We develop conditions on a Sobolev function \(\psi \in W^{m,p}({\mathbb{R}}^d)\) such that if \(\widehat{\psi}(0) = 1\) and ψ satisfies the Strang–Fix conditions to order m − 1, then a scale averaged approximation formula holds for all \(f \in W^{m,p}({\mathbb{R}}^d)\) :

$$ f(x) = \lim_{J \to \infty} \frac{1}{J} \sum_{j=1}^{J} \sum_{k \in {{\mathbb{Z}}}^d} c_{j,k}\psi(a_j x - k) \quad {\rm in} W^{m, p}({{\mathbb{R}}}^d).$$

The dilations { a j } are lacunary, for example a j =  2j, and the coefficients c j,k are explicit local averages of f, or even pointwise sampled values, when f has some smoothness. For convergence just in \({W^{m - 1,p}({\mathbb{R}}^d)}\) the scale averaging is unnecessary and one has the simpler formula \(f(x) = \lim_{j \to \infty} \sum_{k \in {\mathbb{Z}}^d} c_{j,k}\psi(a_j x - k)\) . The Strang–Fix rates of approximation are recovered.

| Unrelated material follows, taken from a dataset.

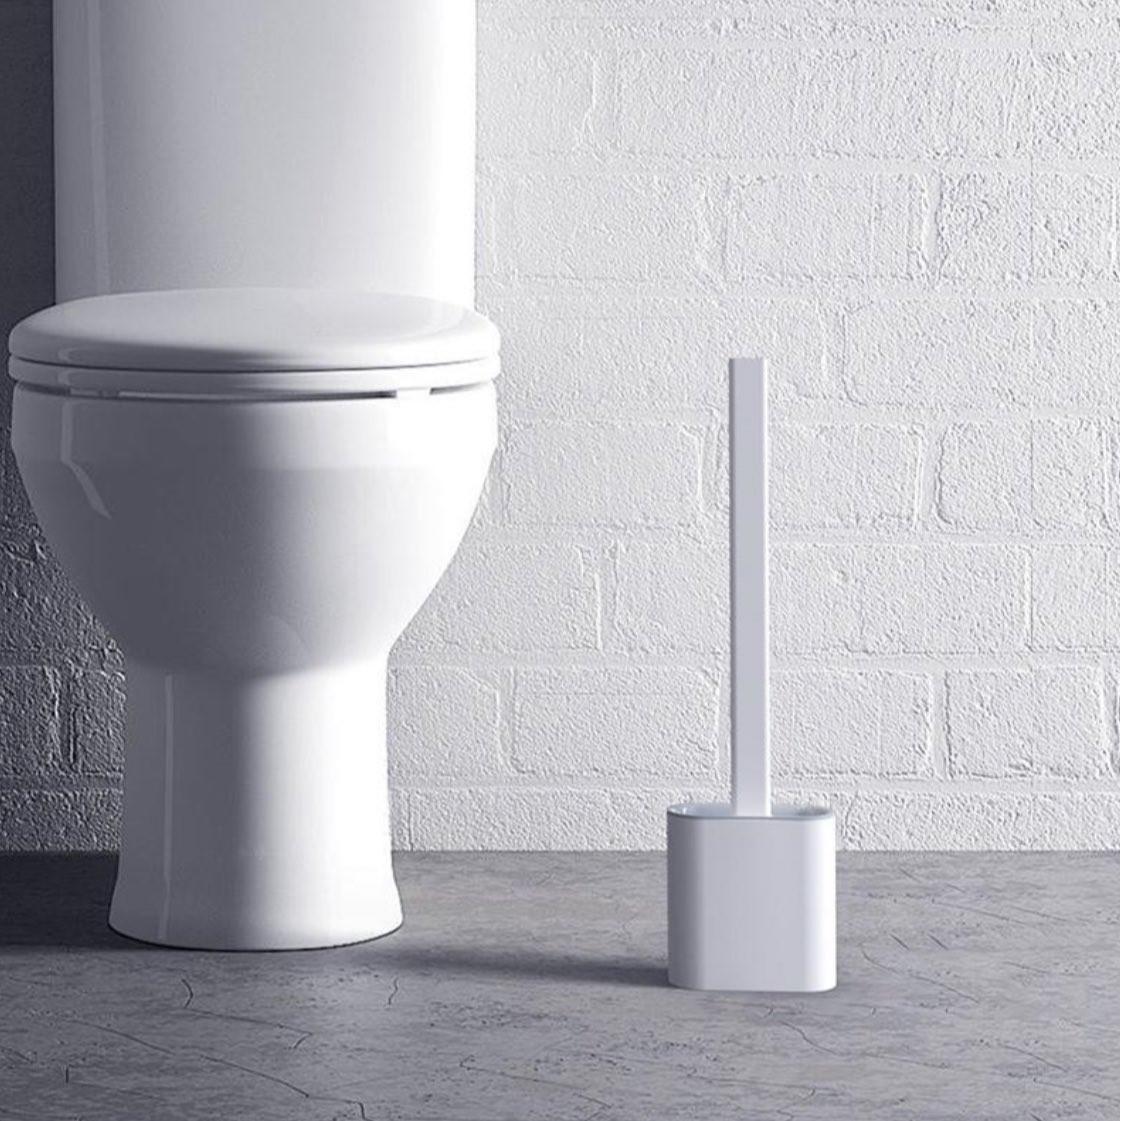 Cọ Vệ Sinh Toilet Bồn Cầu Bằng Silicon Tiện Lợi( giao mầu ngẫu nhiên )

As a corollary of the scale averaged formula, we deduce new density or “spanning” criteria for the small scale affine system \(\{\psi(a_j x - k) : j > 0, k \in {\mathbb{Z}}^d \}\) in \(W^{m,p}({\mathbb{R}}^d)\) . We also span Sobolev space by derivatives and differences of affine systems, and we raise an open problem: does the Gaussian affine system span Sobolev space?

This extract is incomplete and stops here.